Exercise Price, shorten the period during which the Warrants may be exercised or modify any provision of this Section 14(a) without consent of the holders of all Warrants then outstanding affected by such amendment or waiver.

(b) This Warrant shall be construed and enforced in accordance with and governed by the laws of the State of Delaware (without giving effect to the choice of law principles of such state).

(d) The section headings in this Warrant are for purposes of convenience only and shall not constitute a part hereof.

(e) Terms defined in the singular shall have a comparable meaning when used in the plural, and vice versa.

 

13


IN WITNESS WHEREOF, the undersigned has executed this Warrant as of the day and year first above written.

 

MCP-MSC ACQUISITION, INC.
By:  

/s/ Adam Doctoroff

Name:   Adam Doctoroff
Title:   Vice President

 

14


FORM OF SUBSCRIPTION

(To be executed only upon exercise of Warrant)

To: MCP-MSC ACQUISITION, INC.

The undersigned registered Holder of the within Warrant hereby irrevocably exercises such Warrant for, and purchases thereunder,             shares1 of Common Stock of MCP-MSC Acquisition, Inc. [and herewith makes payment of $                    therefor]2 [in a Cashless Exercise pursuant to Section 1F of the within Warrant]3, and requests that the certificates for such shares be issued in the name of, and delivered to                                          whose address is                                         .

Dated:                     

 

/s/

(Signature must conform in all respects to name of holder as specified on the face of this Warrant)

 

(Street Address)

 

(City)                            (State)                   (Zip Code)

 

1

Insert here the number of shares called for on the face of this Warrant (or, in the case of a partial exercise, the portion thereof as to which this Warrant is being exercised), in either case without making any adjustment for shares of Common Stock or other securities or property or cash which, pursuant to the adjustment provisions of this Warrant, may be delivered upon exercise. In the case of a partial exercise, a new Warrant or Warrants will be issued and delivered, representing the unexercised portion of this Warrant (after giving effect to the portion of this Warrant deemed to be forfeited as a result of a Cashless Exercise), to the holder surrendering the same .

2

Use in connection with an exercise involving a delivery of funds to the Company.

3

Use in connection with a Cashless Exercise.


FORM OF ASSIGNMENT

(To be executed only upon transfer of Warrant)

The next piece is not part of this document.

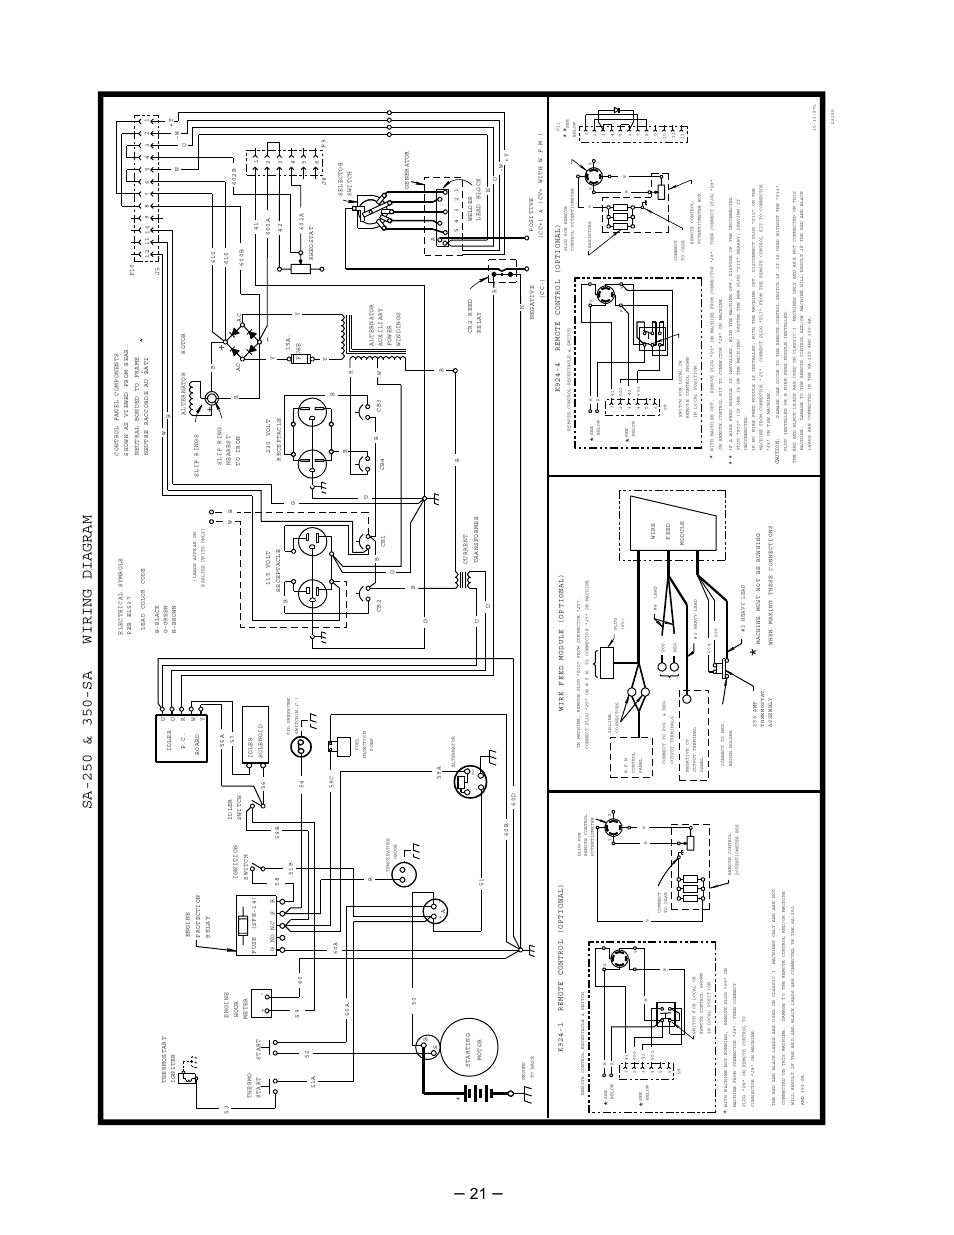 Diagram  Dc Welder Wiring Diagram Schematic Full Version

For value received, the undersigned registered Holder of the within Warrant hereby sells, assigns and transfers unto                      the right represented by such Warrant to purchase                     1 shares of Common Stock of MCP-MSC Acquisition, Inc., to which such Warrant relates, and appoints                      Attorney to make such transfer on the books of MCP-MSC Acquisition, Inc., maintained for such purpose, with full power of substitution in the premises.

Dated:                     

 

/s/

(Signature must conform in all respects to name of holder as specified on the face of this Warrant)

 

(Street Address)

 

(City)                            (State)                   (Zip Code)

Signed in the presence of:

 

 

1

Insert here the number of shares called for on the face of the within Warrant (or, in the case of a partial assignment, the portion thereof as to which this Warrant is being assigned), in either case without making any adjustment for shares of Common Stock or other securities or property or cash which, pursuant to the adjustment provisions of the within Warrant, may be delivered upon exercise. In the case of a partial assignment and upon surrender of this Warrant, new Warrants will be issued and delivered, one representing the portion of the within Warrant not being assigned to the holder assigning the same and the other representing the portion of the within Warrant being assigned to the assignee.